1. A regulatory T (Treg) cell comprising a first nucleic acid construct encoding a chimeric antigen receptor (CAR), wherein the CAR comprises an antigen-binding region, wherein the first nucleic acid construct is operably linked to a Treg-specific promoter.

2. The Treg cell of claim 1, wherein the CAR binds to human leukocyte antigen A2 (HLA-A2).

3. The Treg cell of claim 1, wherein the Treg-specific promoter is forkhead box P3 (Foxp3) promoter.

4. The Treg cell of claim 1, wherein the Treg cell further comprises a suicide gene.

5. The Treg cell of claim 4, wherein the suicide gene is an inducible suicide gene.

6. The Treg cell of claim 4, wherein the suicide gene encodes Caspase 3, Caspase 7, Caspase 8 or Caspase 9 or a chimeric protein comprising CD8 and Caspase 8.

7. The Treg cell of claim 4, wherein the suicide gene is operably linked to an effector T cell (Teff)-specific promoter selected from the group consisting of granzyme B, perforin, IL-17, and IL-7 receptor (CD127).

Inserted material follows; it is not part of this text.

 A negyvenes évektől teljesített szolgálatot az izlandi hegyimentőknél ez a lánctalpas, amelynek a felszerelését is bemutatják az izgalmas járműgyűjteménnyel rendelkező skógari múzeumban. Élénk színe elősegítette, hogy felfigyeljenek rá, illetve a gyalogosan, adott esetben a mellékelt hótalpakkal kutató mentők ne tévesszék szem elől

8. The Treg cell of claim 1, wherein the antigen-binding region is a single-chain variable fragment (scFv) comprising a light chain variable region (VL) and a heavy chain variable region (VH).

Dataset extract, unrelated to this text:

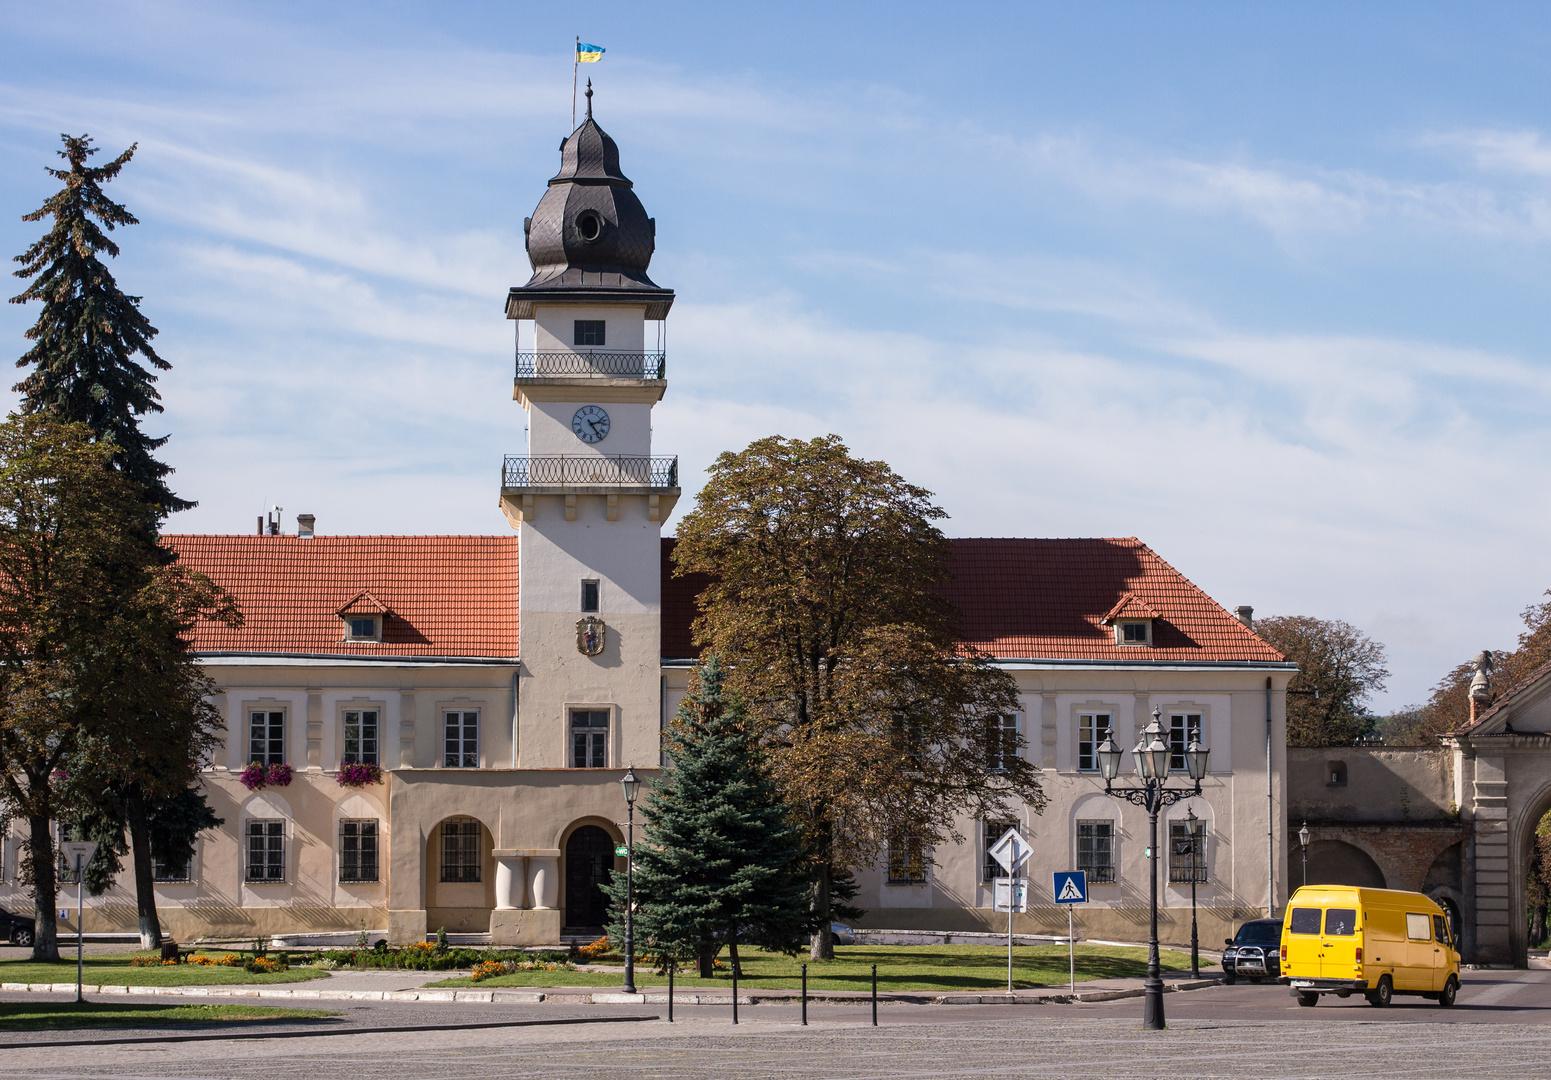 Das Rathaus von Zhovka

9. The Treg cell of claim 1, wherein the CAR comprises a cytoplasmic signaling domain of CD3ζ.

10. The Treg cell of claim 1, wherein the Treg cell is substantially devoid of CD2.

11. The Treg cell of claim 1, wherein the Treg cell further comprises a second nucleic acid construct encoding an immunomodulatory molecule, wherein the second nucleic acid is operably linked to a nuclear factor of activated T cells (NFAT)-responsive promoter.

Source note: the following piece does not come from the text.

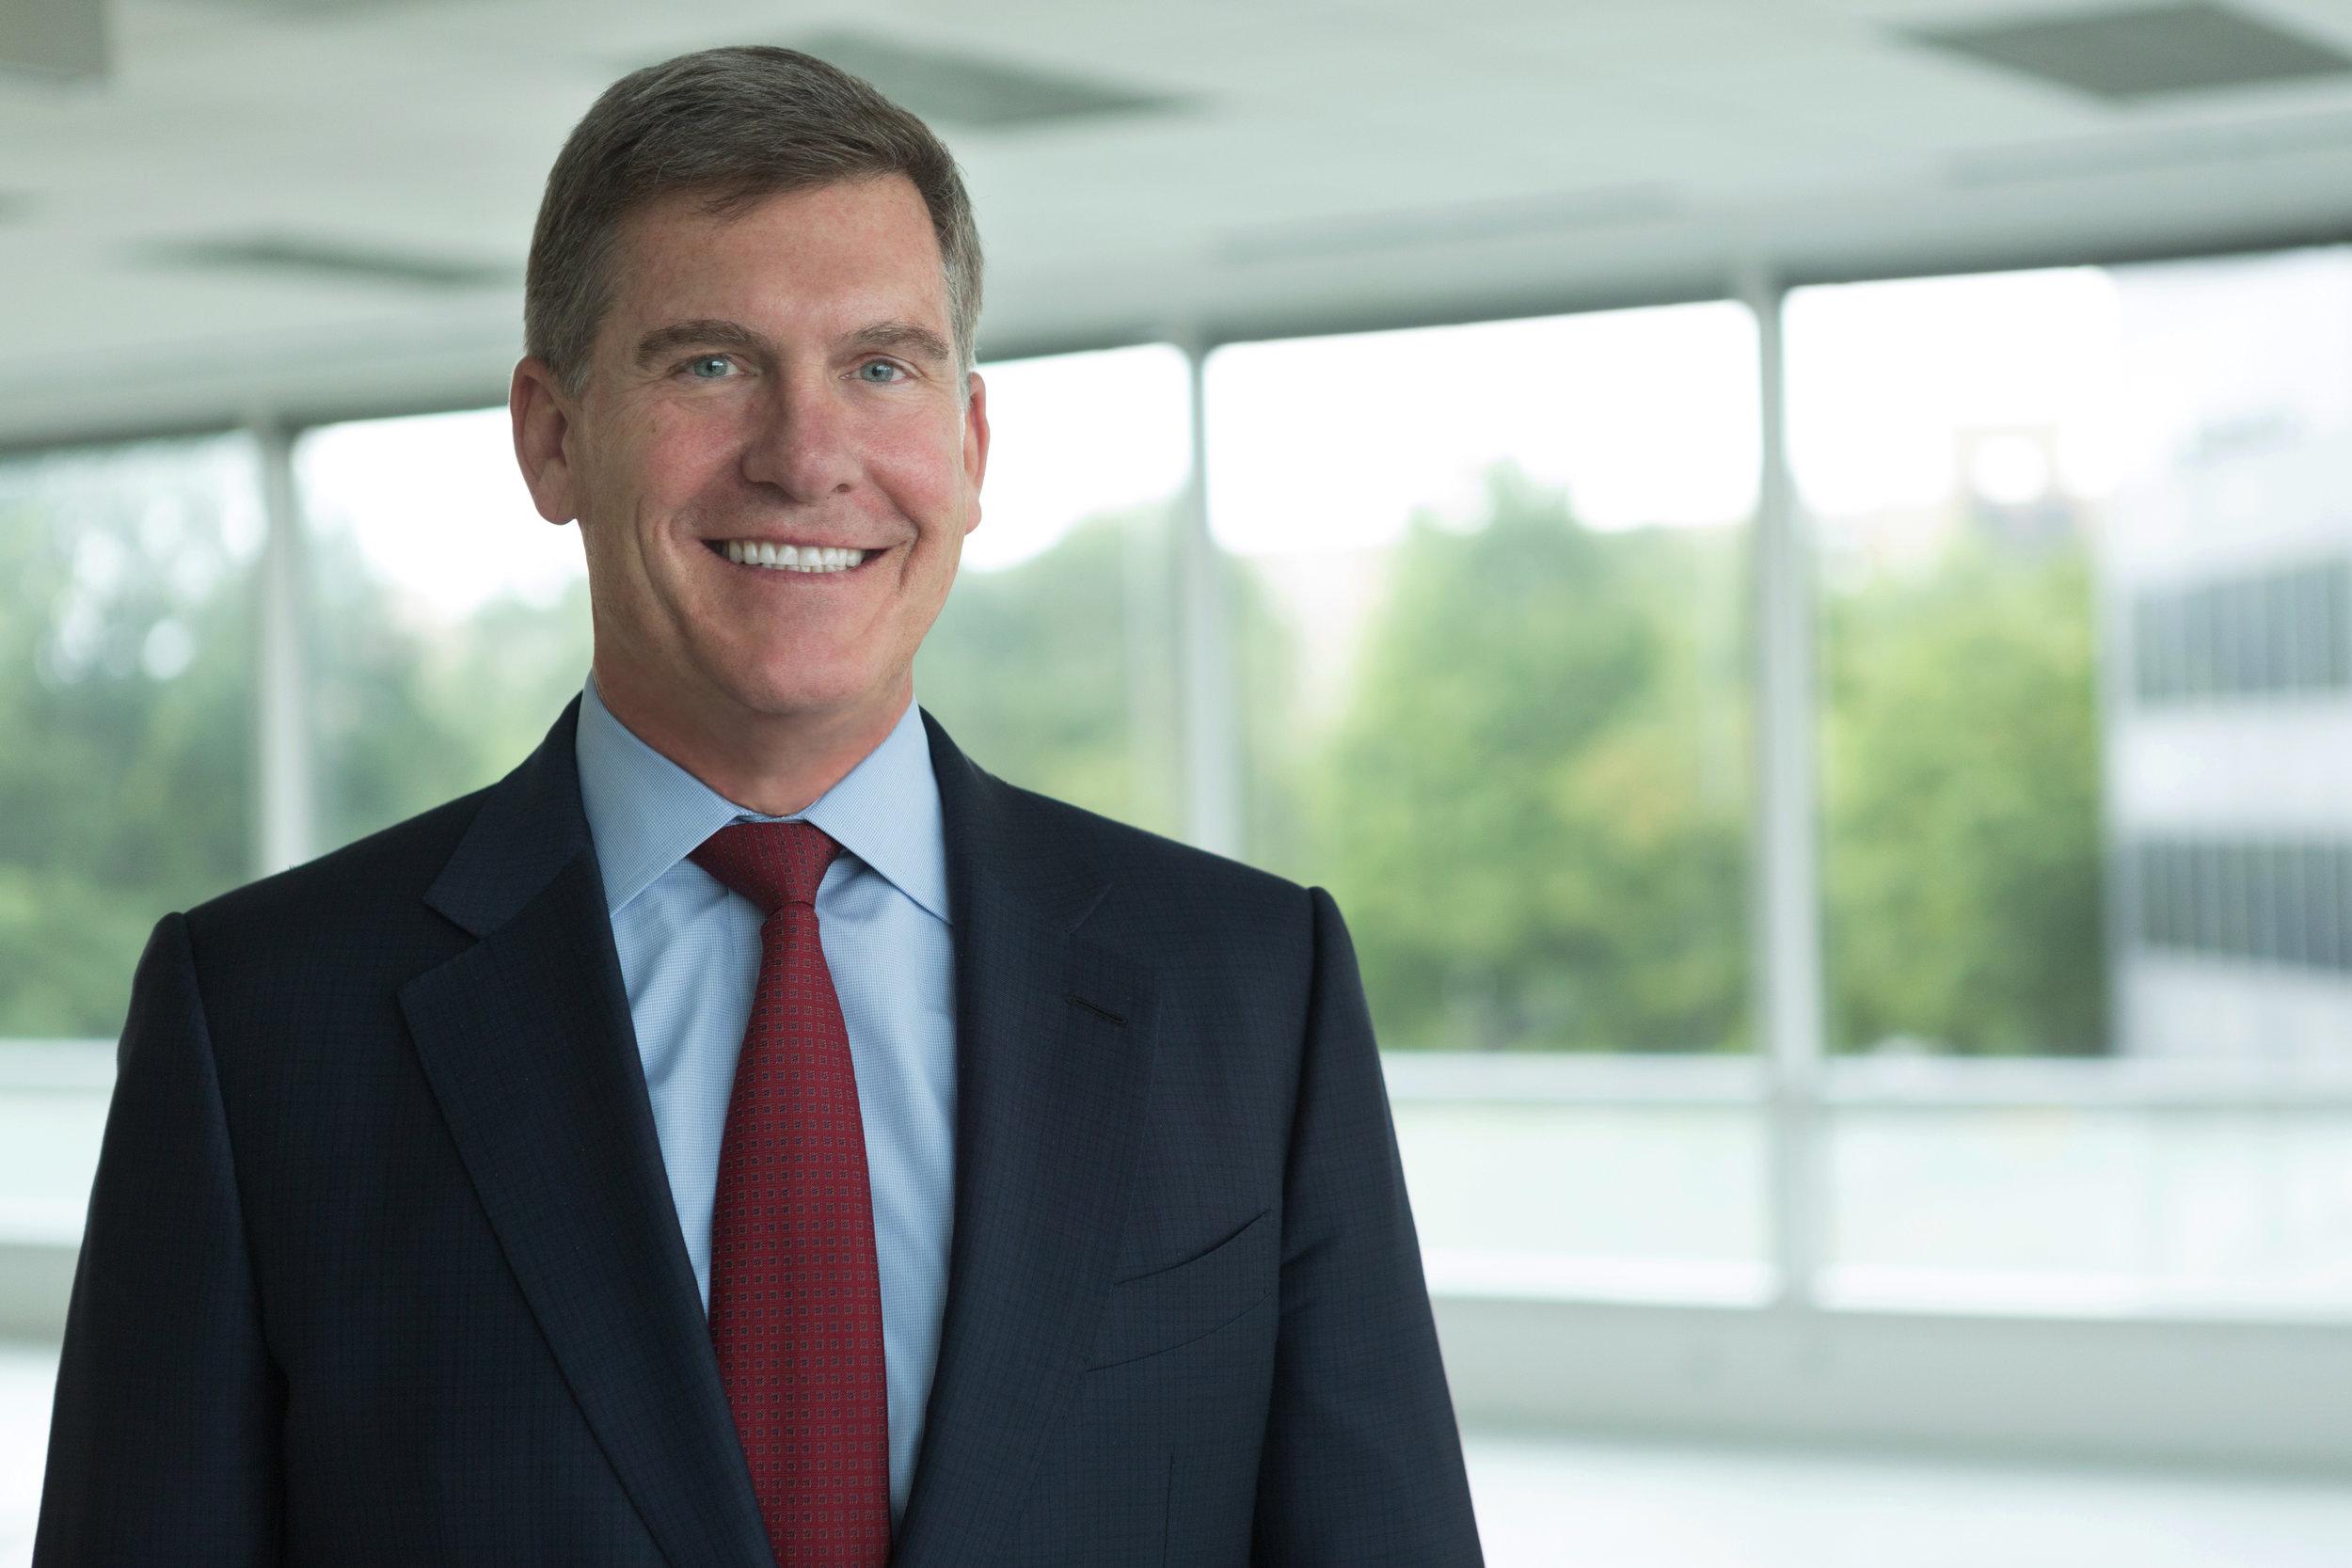 leesburg CEO headshots washington dc

12. The Treg cell of claim 11, wherein the immunomodulatory molecule is selected from the group consisting of PD-L1, TGF-β, CTLA-4Ig, IL-10, IDO1, an anti-CD40 antibody, an anti-IFNγ antibody and combinations thereof.

13. The Treg cell of claim 1, wherein Treg cell further comprises a second nucleic acid construct encoding a gene that enhance the engraftment of hematopoietic stem cells (HSCs).

14. The Treg cell of claim 13, wherein the gene that enhance the engraftment of hematopoietic stem cells (HSCs) is selected from the group consisting of SCF, FLT3L, thrombopoietin, CXCL12, and combinations thereof

15. A method of inducing immune tolerance, or treating or preventing rejection, for transplantation in a subject to a graft obtained from a donor mammal, the method comprising administering the cell of claim 1 to the subject before, during or after transplantation.

16. The method of claim 15, the method further comprising administering a bispecific antibody.

17. The method of claim 16, wherein the bispecific antibody is specific to the Treg cell and a target site.

18. The method of claim 17, wherein the bispecific antibody is specific to CTLA-4 and an islet surface antigen.

19. A method of treating or preventing an autoimmune disease in a subject, the method comprising administering the cell of claim 1 to the subject.

20. The method of claim 19, wherein the autoimmune disease is Type 1 diabetes (T1D).